Everything in the listing below must be set down again exactly, apart from the pictures.

__Supplied information__:
BEGIN

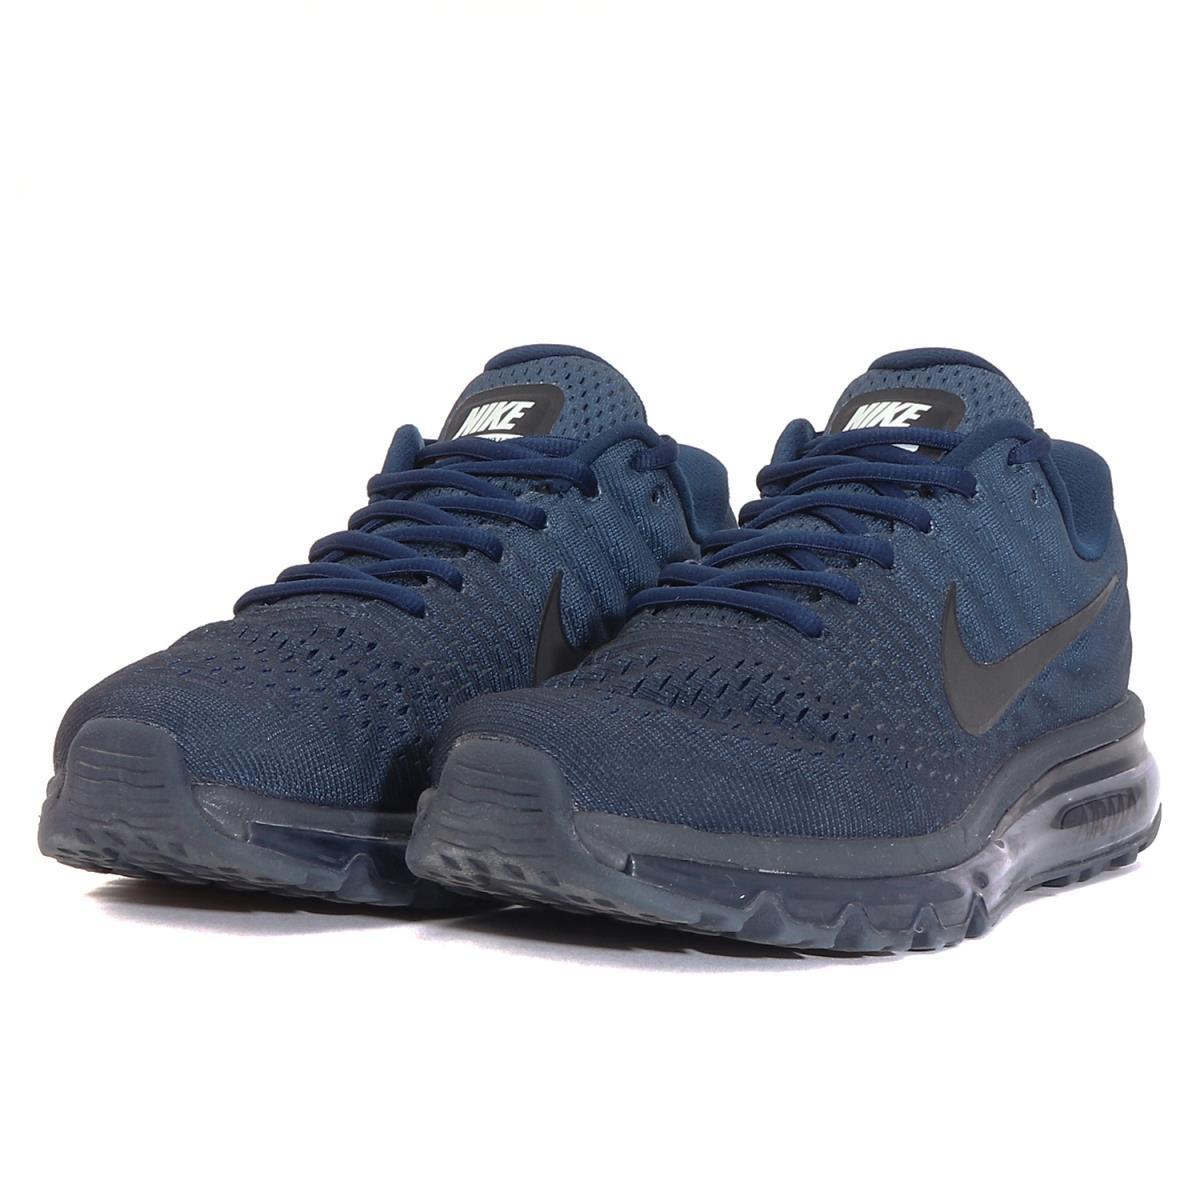 buy online a7ae8 67ee4 NIKE (Nike) AIR MAX 2017 (849,559-405) binary blue US8.5(26.5cm)
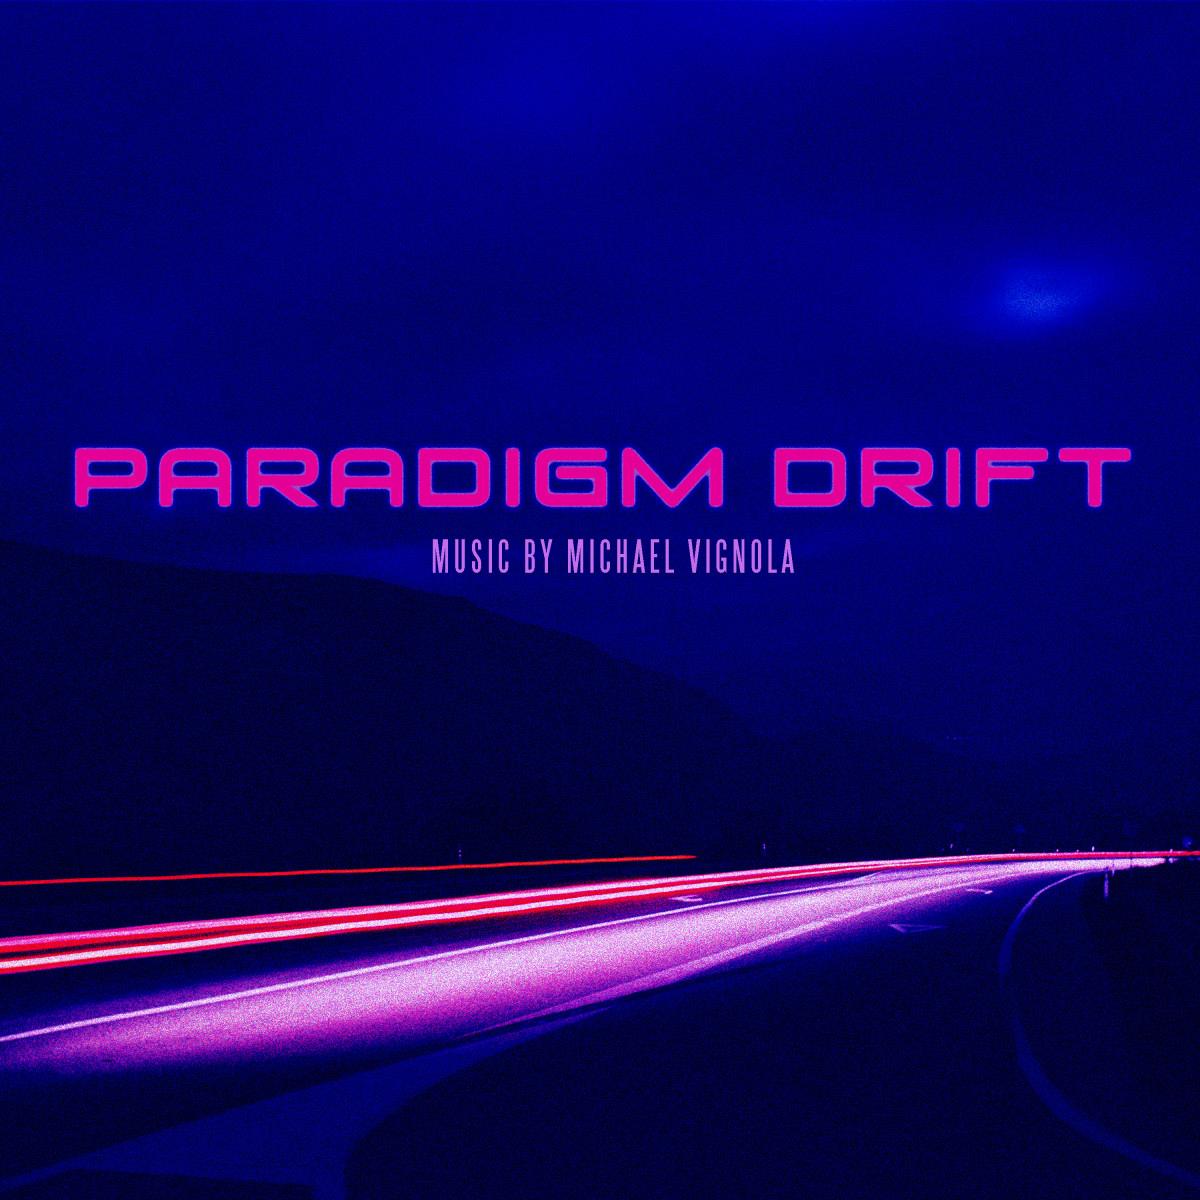 Album Review: Paradigm Drift by Michael Vignola
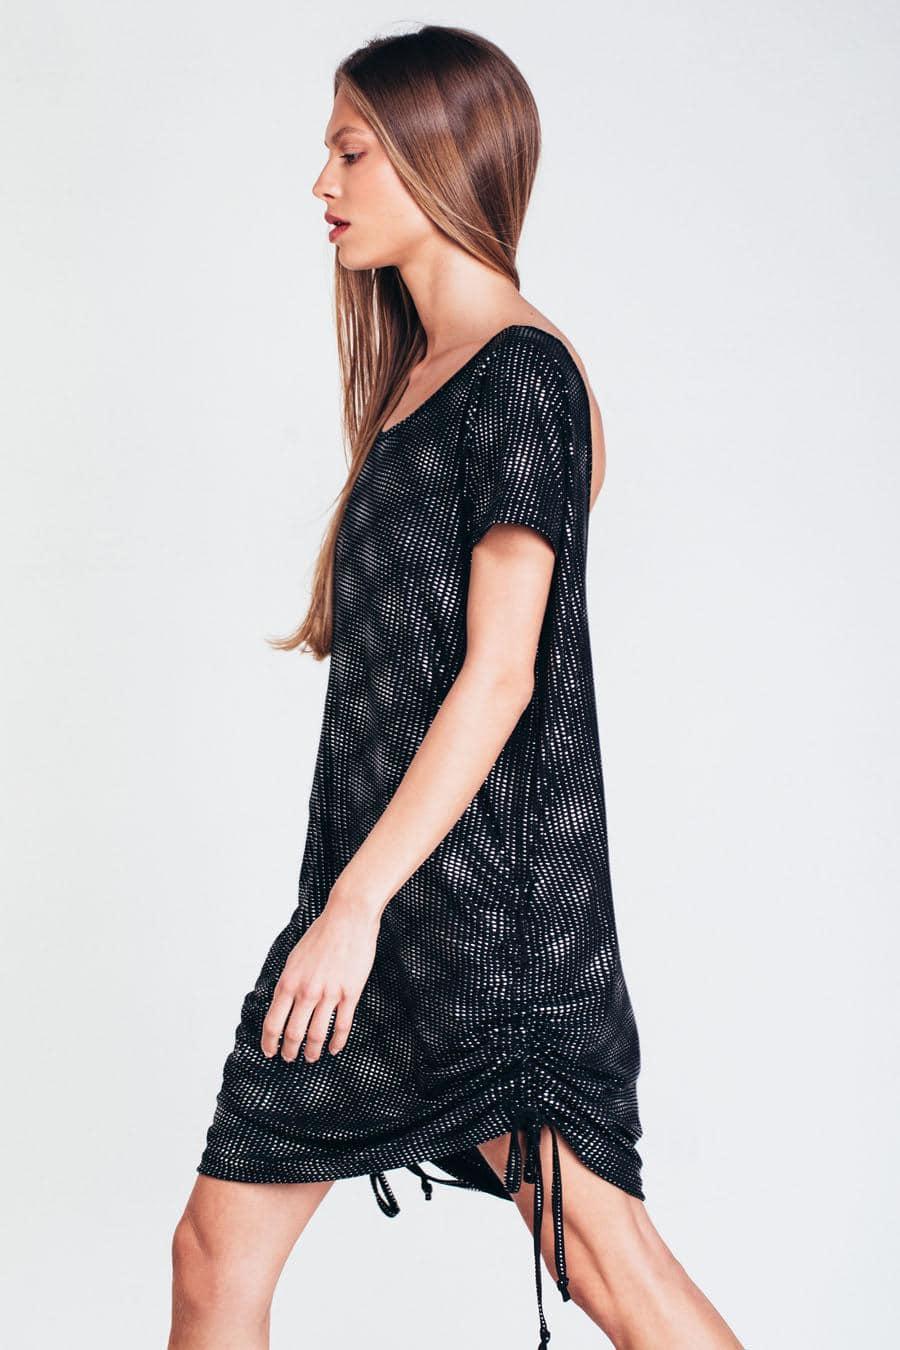 jagger zenska haljina kolekcija prolece leto 2021 ss 2021 kupi online jg 8456 01 3

END

__The completed task__:
 buy online a7ae8 67ee4 NIKE (Nike) AIR MAX 2017 (849,559-405) binary blue US8.5(26.5cm)
 Album Review: Paradigm Drift by Michael Vignola
 jagger zenska haljina kolekcija prolece leto 2021 ss 2021 kupi online jg 8456 01 3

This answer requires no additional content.